Obviously, the presence of resources delays the formation of clusters— Compare the path that the same set of p and c in figure 6.2 describes (the spatial pattern at t = 1 in figure 6.2 is close to one at t = 4 to that in figure 7.3). The spatial pattern at equilibrium appears to be unaffected by the resources.
4 16 64
256 1024 4096
Figure 7.3: Formation of clusters when resources exist with high transport cost.
Case 3: Random endowment of resources, cp=0.1, rτ=0.1, cr=50, rφ=0.2 and p=0.1.
We now add pollution to Case 1. The agents’ sensitivity to pollution, c p , is 0.1 instead of zero and the accumulation rate, rτ , is 0.1. All other parameters are the same as Case 1. Figure 7.4 is a sample result under these conditions. We observe that the result shows a behavior similar to Case 1 up to the point when the agents form a megacluster (t = 0 − 12) . In Case 1, this would be the equilibrium and the cluster would stay there forever. With pollution, however, the cluster stays only for a while
(t = 14 − 19) while agents accumulate pollutants in the cluster. When the pollution reaches a certain level, the agents start to “escape” from the cells with pollutants to other cells nearby (t = 20 − 22) . After agents finish this group migration, they stay in the new cluster for a while (t = 24 − 26) and move again (t = 28 − 30), repeating the process described above.
4 16 64
256 1024 4096
Figure 7.4: Formation of clusters and behavior of mega-cluster with both resources and pollution (low transport cost).

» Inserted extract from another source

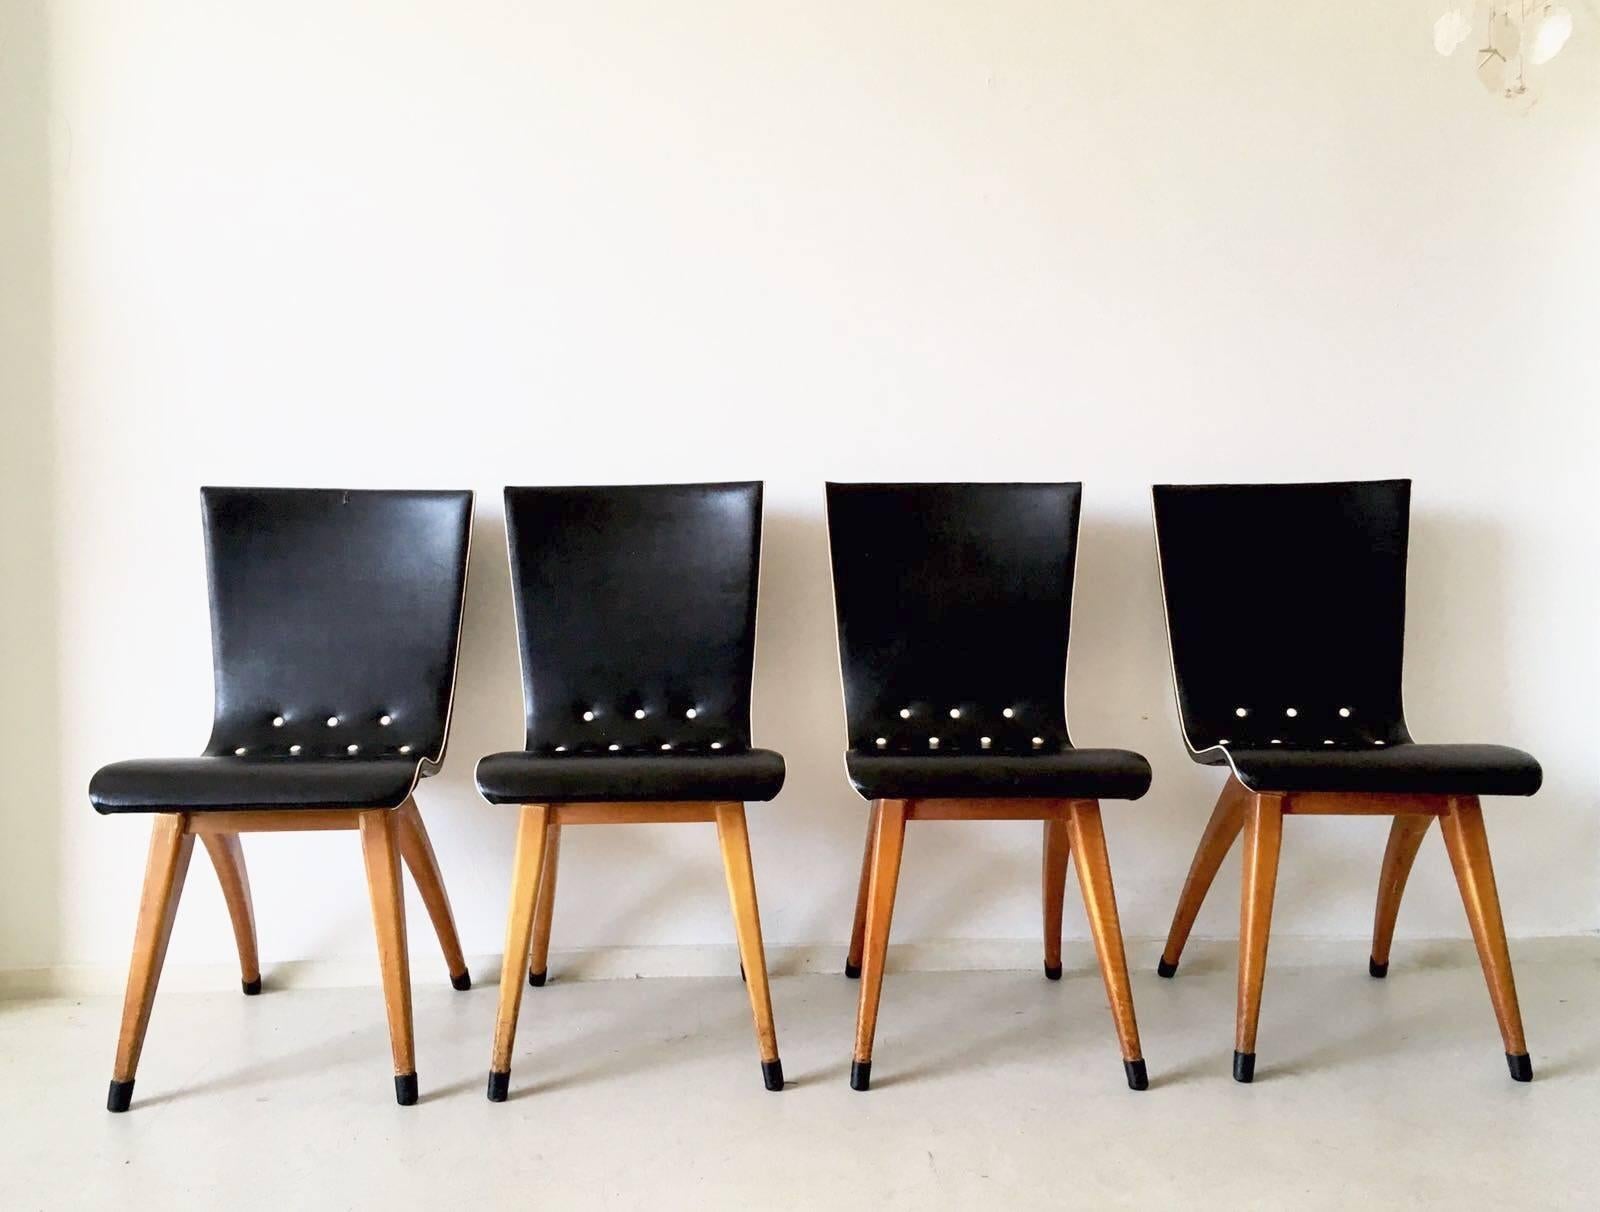 This set of four black beautiful chairs were designed and manufactured in the Netherlands, circa 1950s. They feature frames in wood (asumed to be fruitwood) and original black and white leatherette upholstery. Wonderfully finished with original

Case 4: Random endowment of resources, cp=50, rτ=1, cr=50, rφ=0.2 and p=0.1.
In this example, c p and rτ have been increased to 50 and 1 respectively, with other parameters held unchanged from Case 3. In other words, this is the case where pollution is dominant. The unique spatial pattern under this condition is shown in figure 7.5. We clearly observe the formation of “orphaned” cells instead of clusters that consist of the cells adjacent to each other. This happens because each agent is sensible of the pollution in his neighborhood, not only in his own cell; thus, he avoids having neighbors to minimize the negativity of pollution.
4 16 64 256 1024
Figure 7.5: Formation of clusters under larger influence of pollution.
Case 5: Skewed endowment of resources, No pollution, cr=50, rφ=0.2 and p=0.5.

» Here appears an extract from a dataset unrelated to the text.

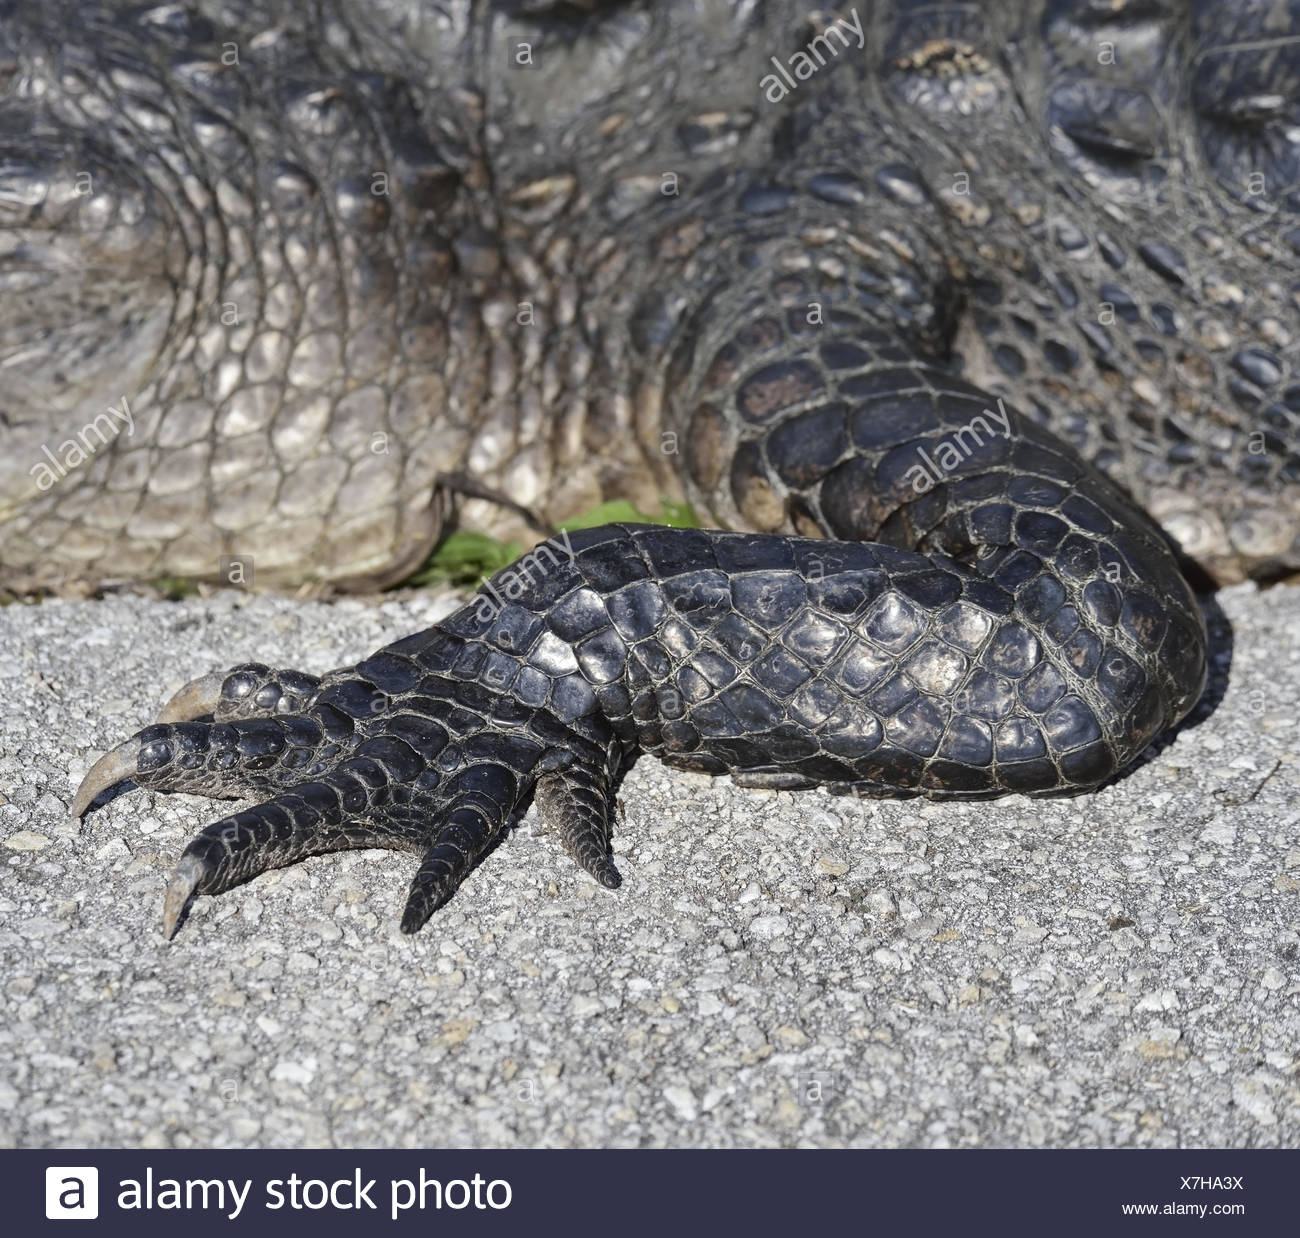 Reptile Claw Stock Photos & Reptile Claw Stock Images - Alamy

This case is the same as Case 2 except that the initial distribution of resources is not random. The resources are initially distributed weighted by a Gaussian distribution with its peak in the center of the space as shown in figure 7.6. This is an example where a specific part of the space has absolute advantage that does not last (e.g. mining, etc.).
Figure 7.6: Initial distribution of resources for Case 5.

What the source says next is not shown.